Un furieux désir de bonheur est une « pièce » d’une heure quinze, d’une époustouflante fluidité –danse, mouvement, son, voix- et d’une précision d’écriture très surveillée. Et puis, sur le plateau, sept interprètes menés par une aînée aux cheveux de feu qui joue une septuagénaire aux allures d’adolescente, Geneviève de Kermabon. Une fille des airs, une acrobate, mais une comédienne, une conceptrice de spectacles délicats et profonds à partir de paroles cueillies, recueillies. Une grande artiste qui galvanise et partage. Un avoir de chaman et une fraîcheur d’enfant.
Reprenons : Olivier Letellier, qui passa autrefois par la grande école de Jacques Lecoq, ne cesse d’imaginer des moments spectaculaires qu’il destine à la jeunesse, mais qui vont droit au cœur des adultes. On ne refera pas ici tout son parcours, mais ses productions, soignées, longuement mûries, sont toutes plus touchantes les unes que les autres.
En édition, lorsqu’un livre se vend sur plusieurs années, on parle de « longue traîne » (comme les comètes dans le ciel). Les spectacles d’Olivier Letellier sont des objets célestes de ce genre…Ils durent. Ils portent une part d’éternité : vérité, sincérité, précision d’horloge et interprètes époustouflants, voilà le secret.
Pour Un furieux désir de bonheur, il a laissé du temps au temps et réuni des artistes touchés par son désir de parler du désir. De la vie. Cette année, le Printemps des poètes (qu’en verra-t-on, on ne sait, a choisi le « thème » du désir.

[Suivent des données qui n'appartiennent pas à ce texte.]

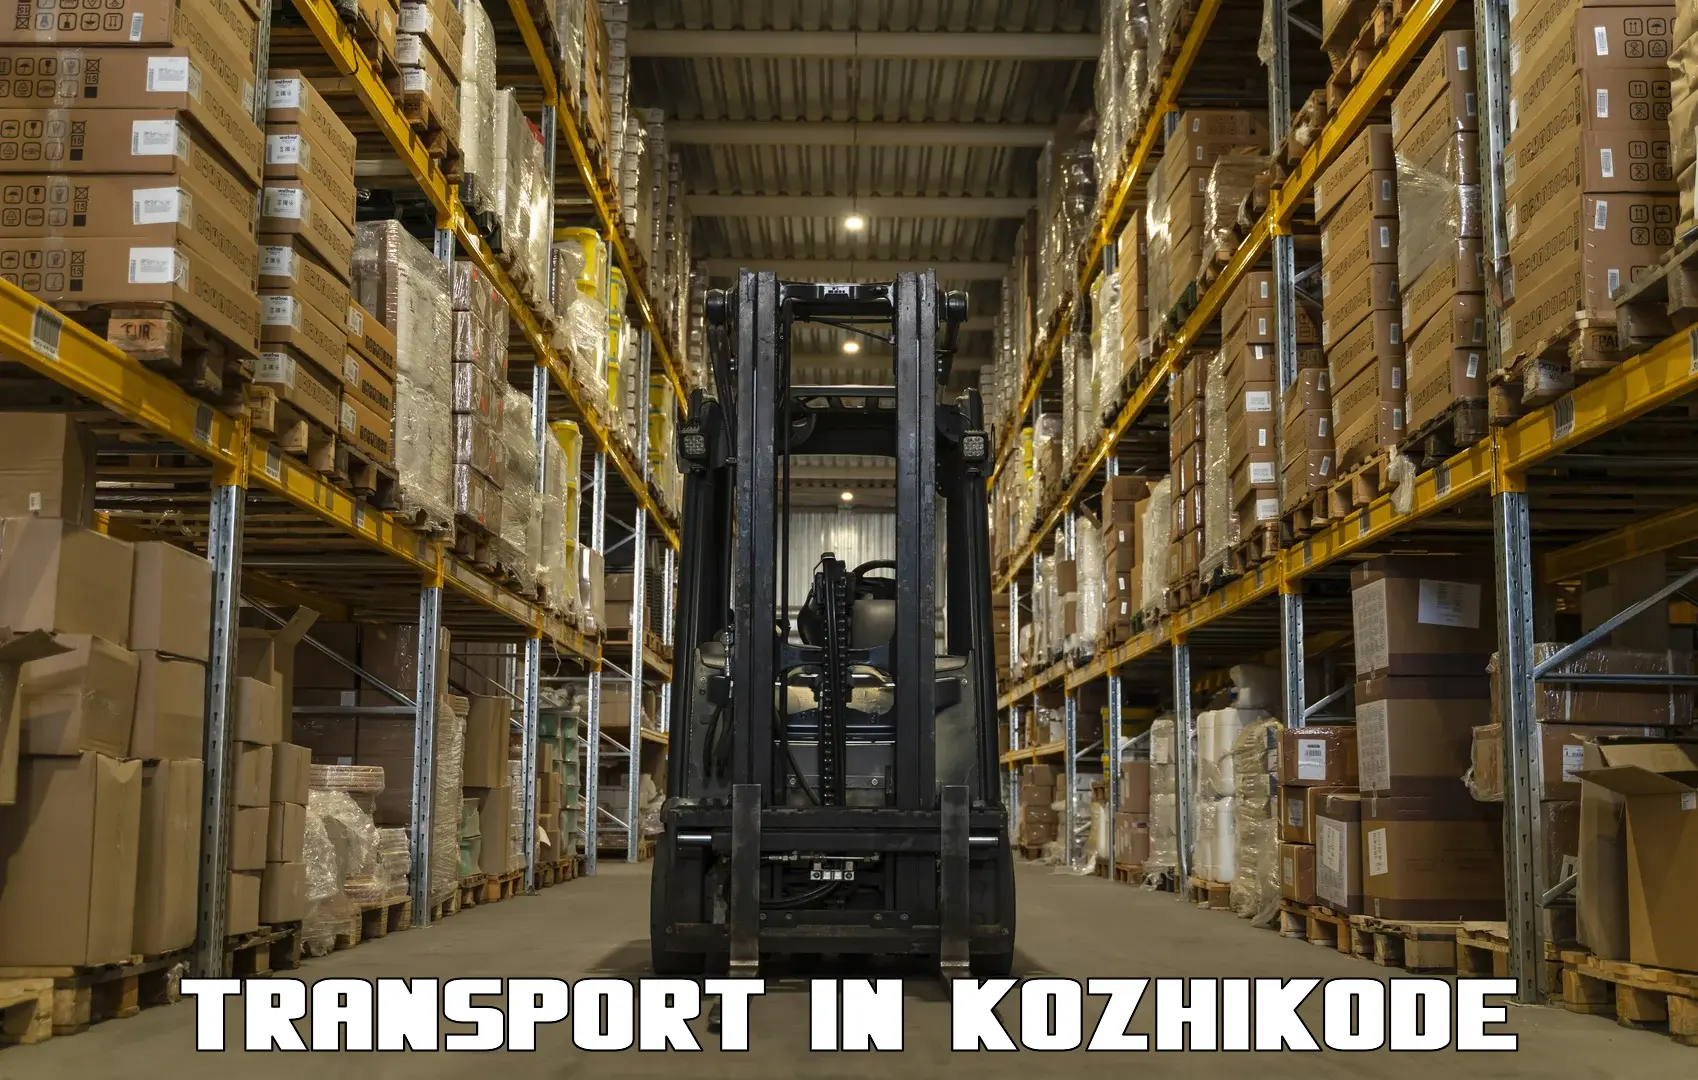 Interstate goods transport in Kozhikode

Résumons : il y a de l’encre, celle de Catherine Verlaguet, il y a du son, celui de Mikael Pluman, des lumières et de l’espace, Sébastien Revel. Il y a une chorégraphie magnifique et exigeante qui ne laisse guère de répit aux interprètes et dont nous pourrions parler longuement. Une danse essentielle, comme on dirait une huile essentielle. Un précipité de déplacements, de gestes, de glissades, de portés, jusqu’aux acrobaties de virtuoses. Une harmonie qui bouleverse.
Ici, des talents en une effervescence extraordinaire.
On ne vous racontera pas tout…Laissez-vous porter, éblouir, laissez-vous bouleverser, sourire, rire, pleurer. Désirer c’est vivre. C’est aller au-delà. Ainsi, dans les costumes de Juliette Gaudel, applaudissez, Mraie-Julie Debaulieu, Zaïna, Jeanne Favre, Elise, Thomas Guené, Charli, Ninon Noiret, Sarah, Jules Sadoughi, Eric, Matéo Thiollier-Serrano, Ali. Et, devant eux, avec eux, la princesse des airs, Geneviève de Kermabon.
Dirigés avec tact, intelligence, autant de fermeté que de finesse par Olivier Letellier assisté de Jonathan Salmon, ils sont un bouquet extraordinaire. Ils disent. Ils jouent. Ils échangent. Ils sont éloquents par le verbe comme par le corps. Ils sont rares et bouleversants. On en reparlera plus longuement, mieux.
Une tournée devait suivre, à retrouver sur le site du Théâtre de la Ville. On espère que les dates de mai seront possibles.